Gao Xiang <hsiangkao@xxxxxxxxxxxxxxxxx> · Tue, 17 Sep 2024 15:14:58 +0800

On 2024/9/17 14:48, Yiyang Wu wrote:
On Mon, Sep 16, 2024 at 06:08:01PM GMT, Al Viro wrote:
On Mon, Sep 16, 2024 at 09:56:29PM +0800, Yiyang Wu wrote:
+/// Lookup function for dentry-inode lookup replacement.
+#[no_mangle]
+pub unsafe extern "C" fn erofs_lookup_rust(
+    k_inode: NonNull<inode>,
+    dentry: NonNull<dentry>,
+    _flags: c_uint,
+) -> *mut c_void {
+    // SAFETY: We are sure that the inode is a Kernel Inode since alloc_inode is called
+    let erofs_inode = unsafe { &*container_of!(k_inode.as_ptr(), KernelInode, k_inode) };

	Ummm...  A wrapper would be highly useful.  And the reason why
it's safe is different - your function is called only via ->i_op->lookup,
the is only one instance of inode_operations that has that ->lookup
method, and the only place where an inode gets ->i_op set to that
is erofs_fill_inode().  Which is always passed erofs_inode::vfs_inode.
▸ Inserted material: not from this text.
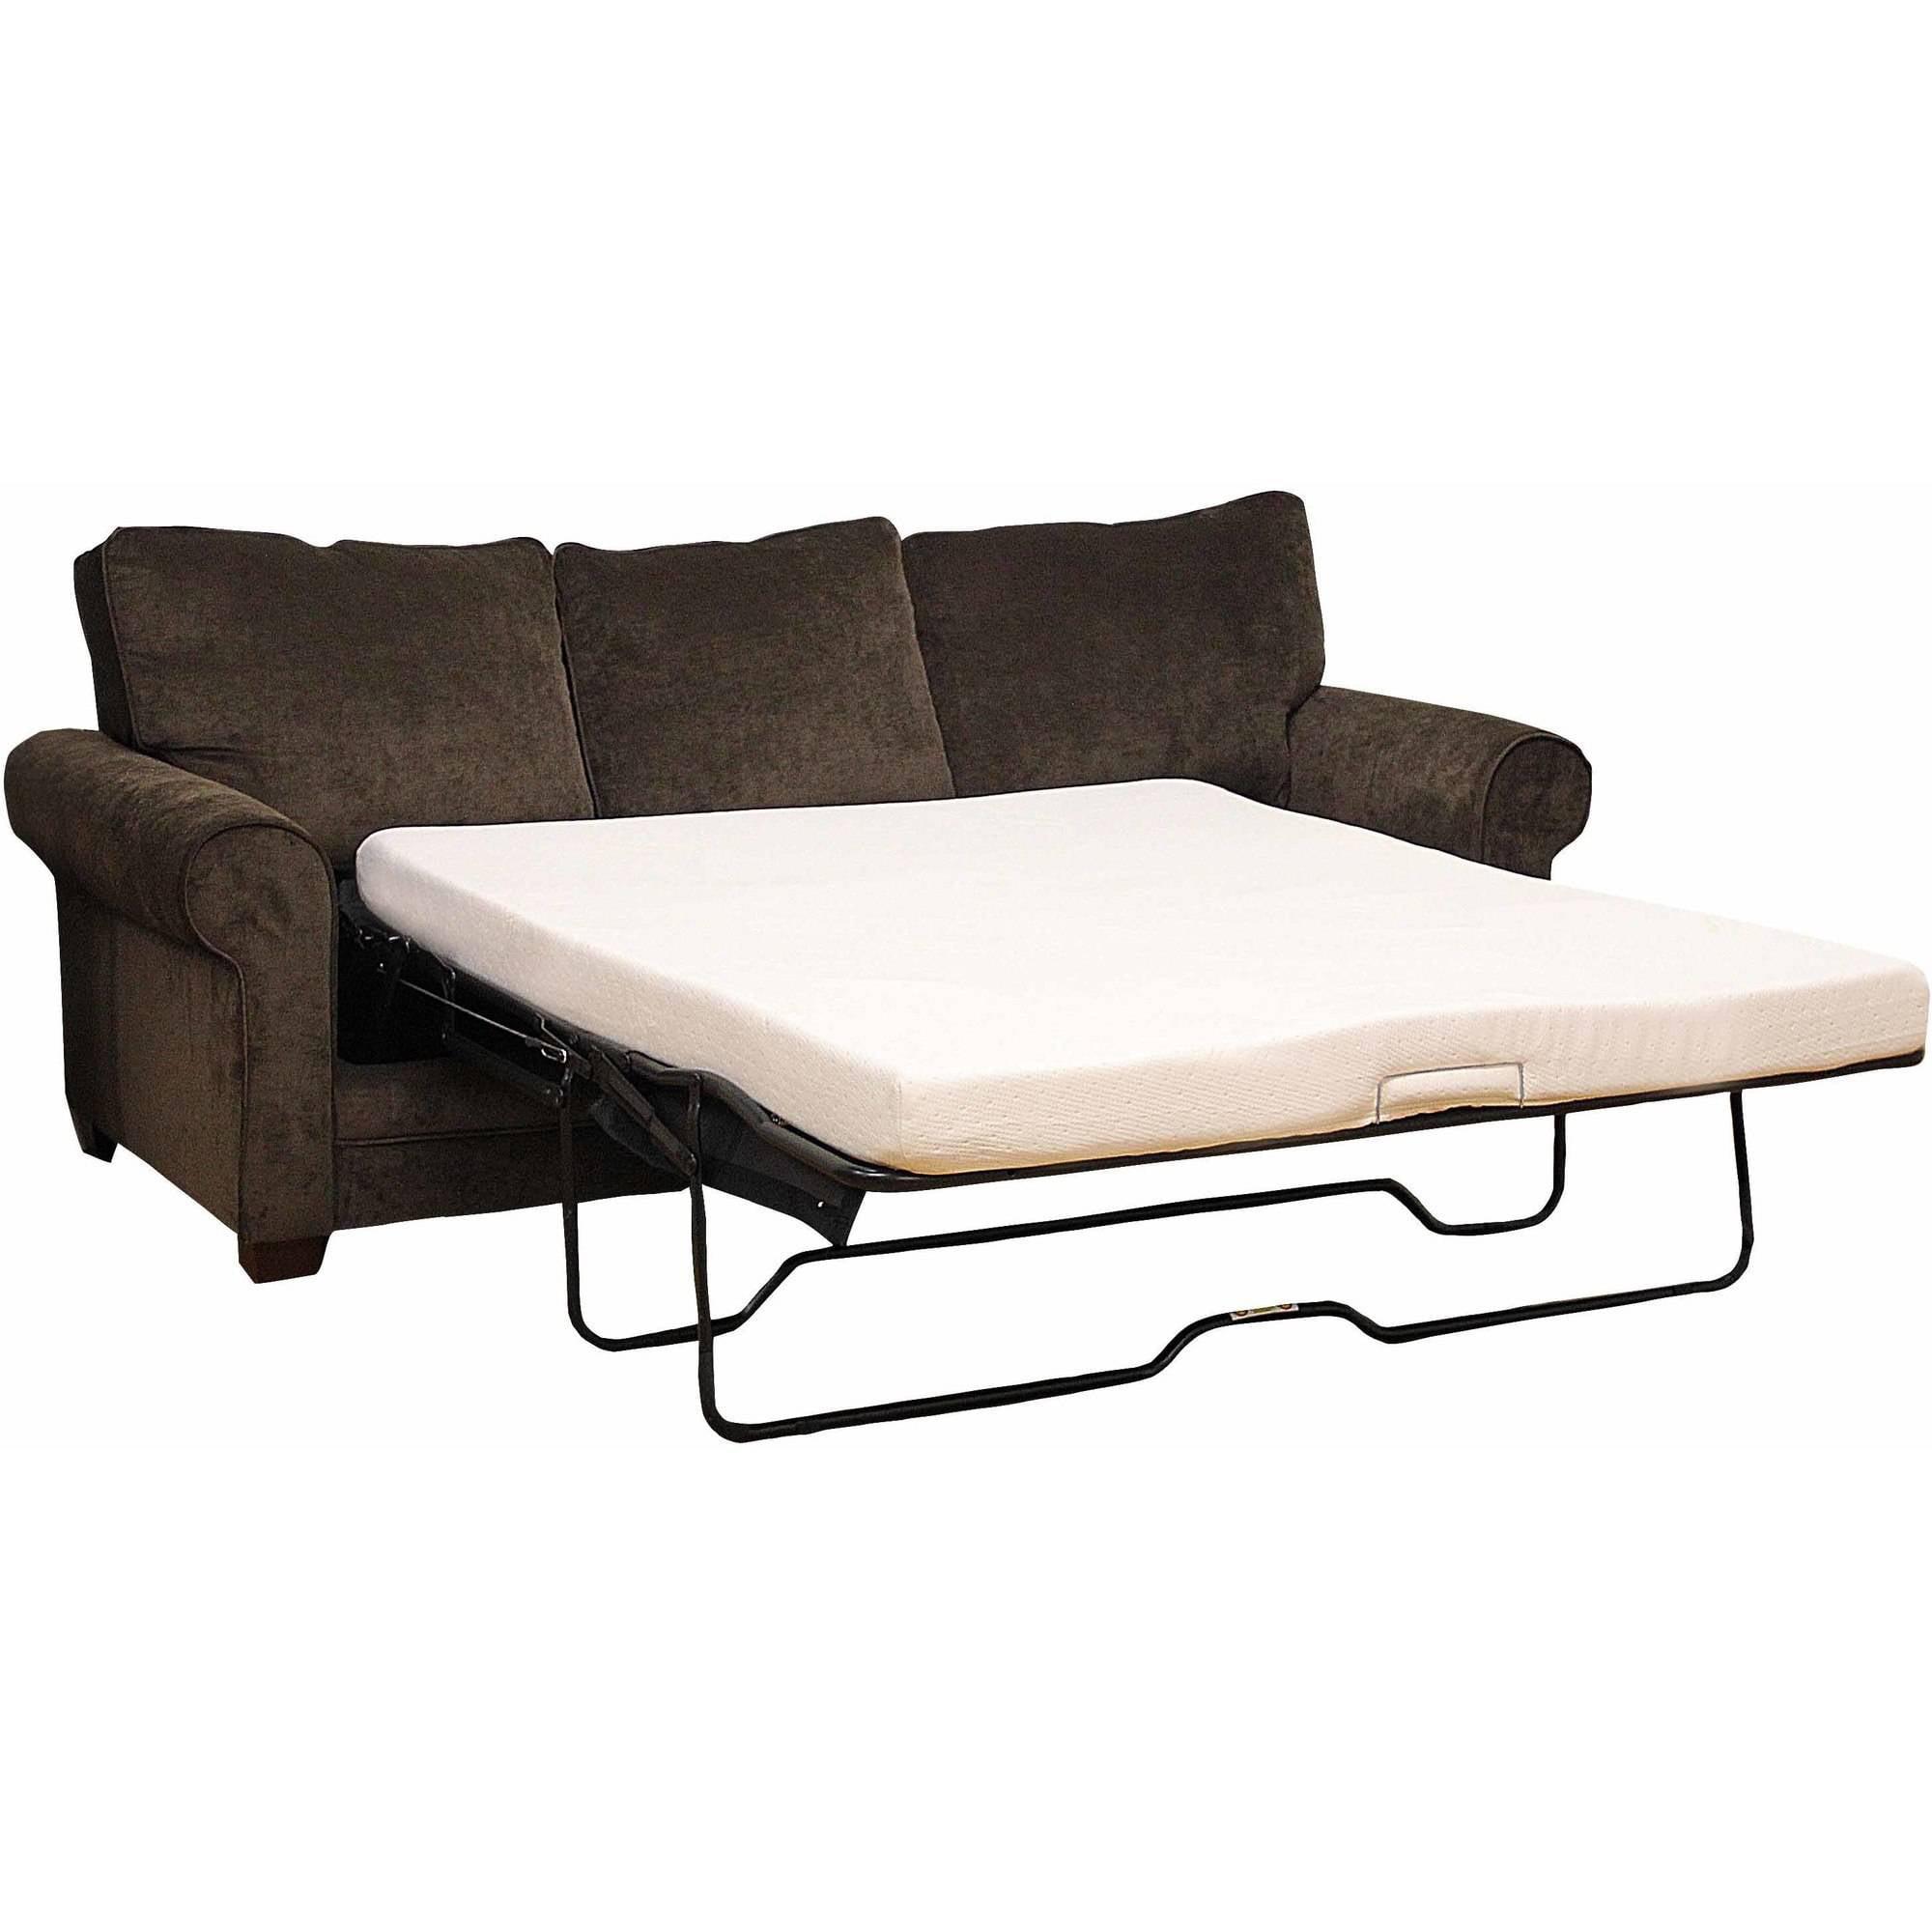 "Modern Sleep Memory Foam 4.5"" Sofa Bed Mattress, Multiple Sizes"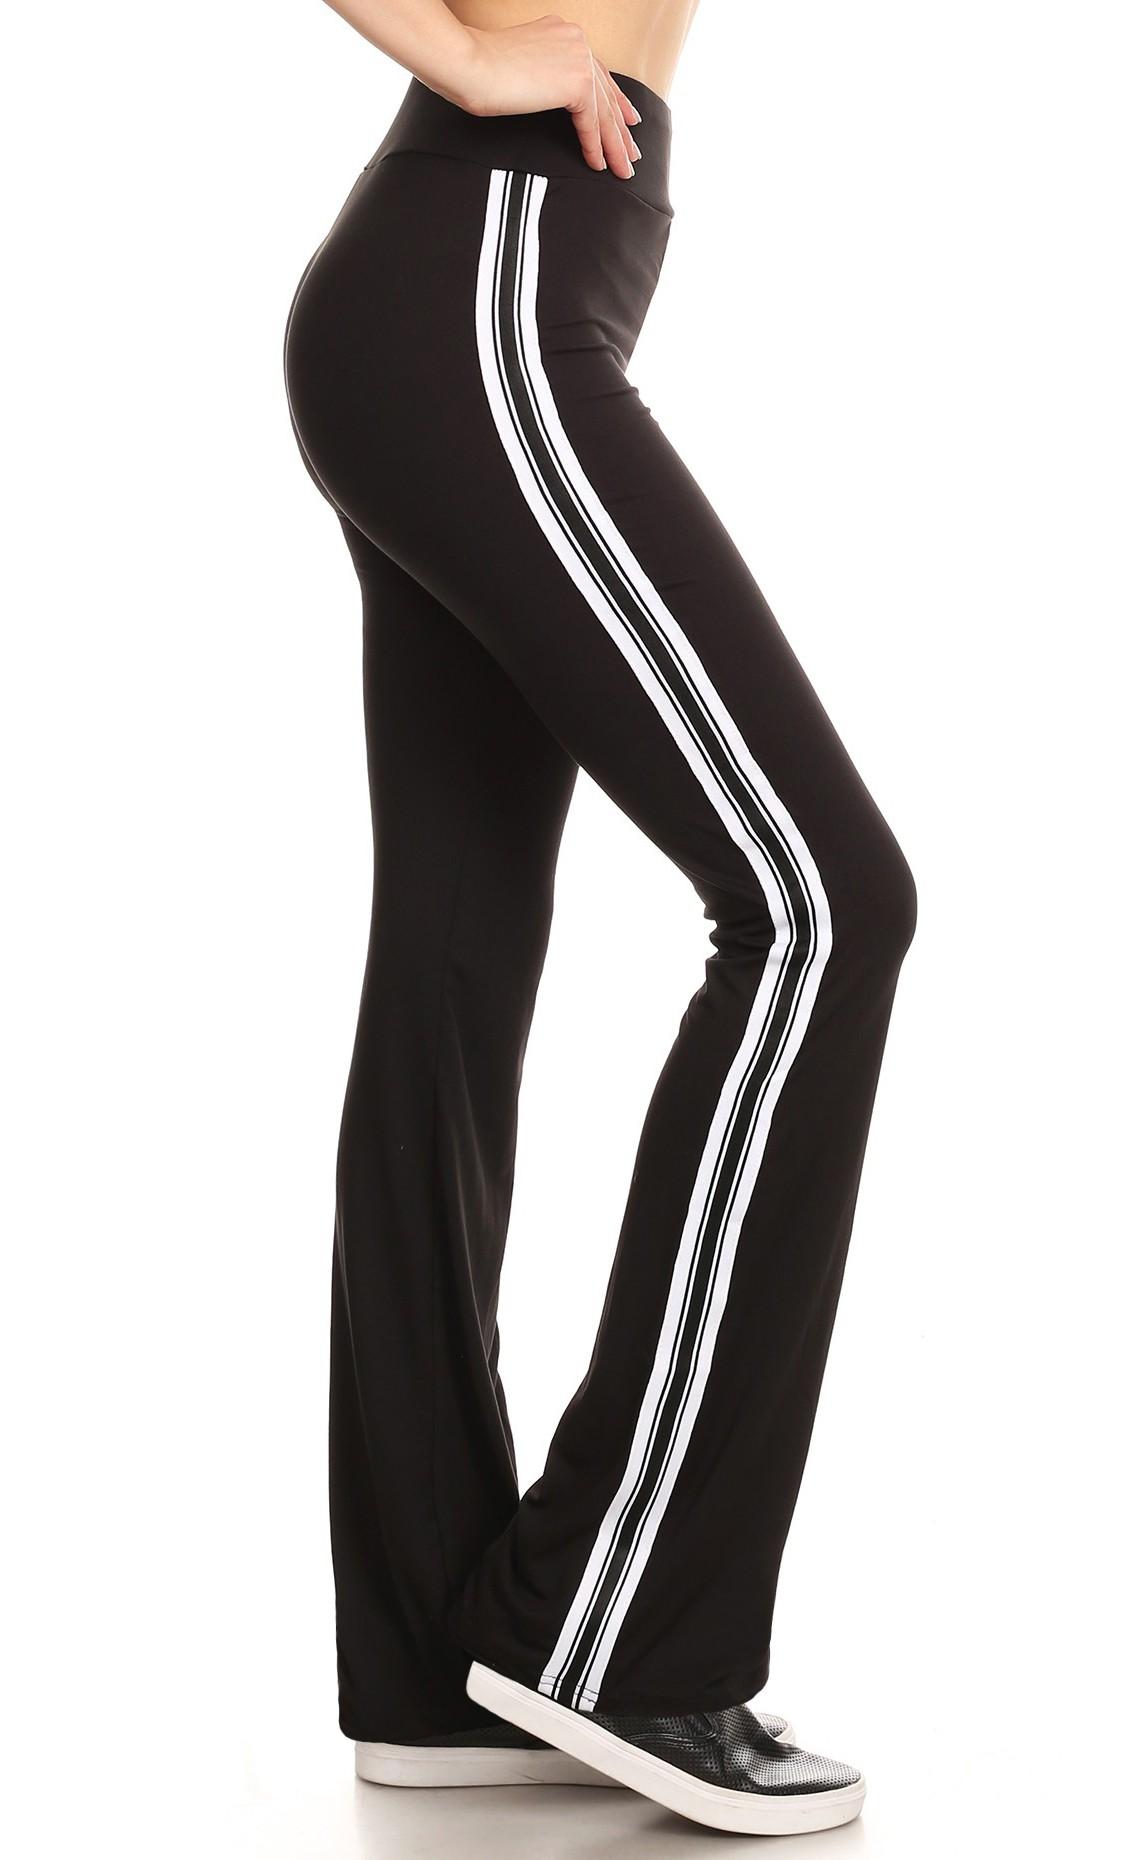 BLACK FLARE PANTS W/ SIDE WHITE/BLACK TAPING#8FP07-03

So my original intention behind this is that all vfs_inodes come from
that erofs_iget function and it's always gets initialized in this case
And this just followes the same convention here. I can document this
more precisely.

I think Al just would like a wrapper here, like the current C EROFS_I().

+    // SAFETY: The super_block is initialized when the erofs_alloc_sbi_rust is called.
+    let sbi = erofs_sbi(unsafe { NonNull::new(k_inode.as_ref().i_sb).unwrap() });

	Again, that calls for a wrapper - this time not erofs-specific;
inode->i_sb is *always* non-NULL, is assign-once and always points
to live struct super_block instance at least until the call of
destroy_inode().

Will be modified correctly, I'm not a native speaker and I just can't
find a better way, I will take my note here.

Same here, like the current EROFS_I_SB().

+    // SAFETY: this is backed by qstr which is c representation of a valid slice.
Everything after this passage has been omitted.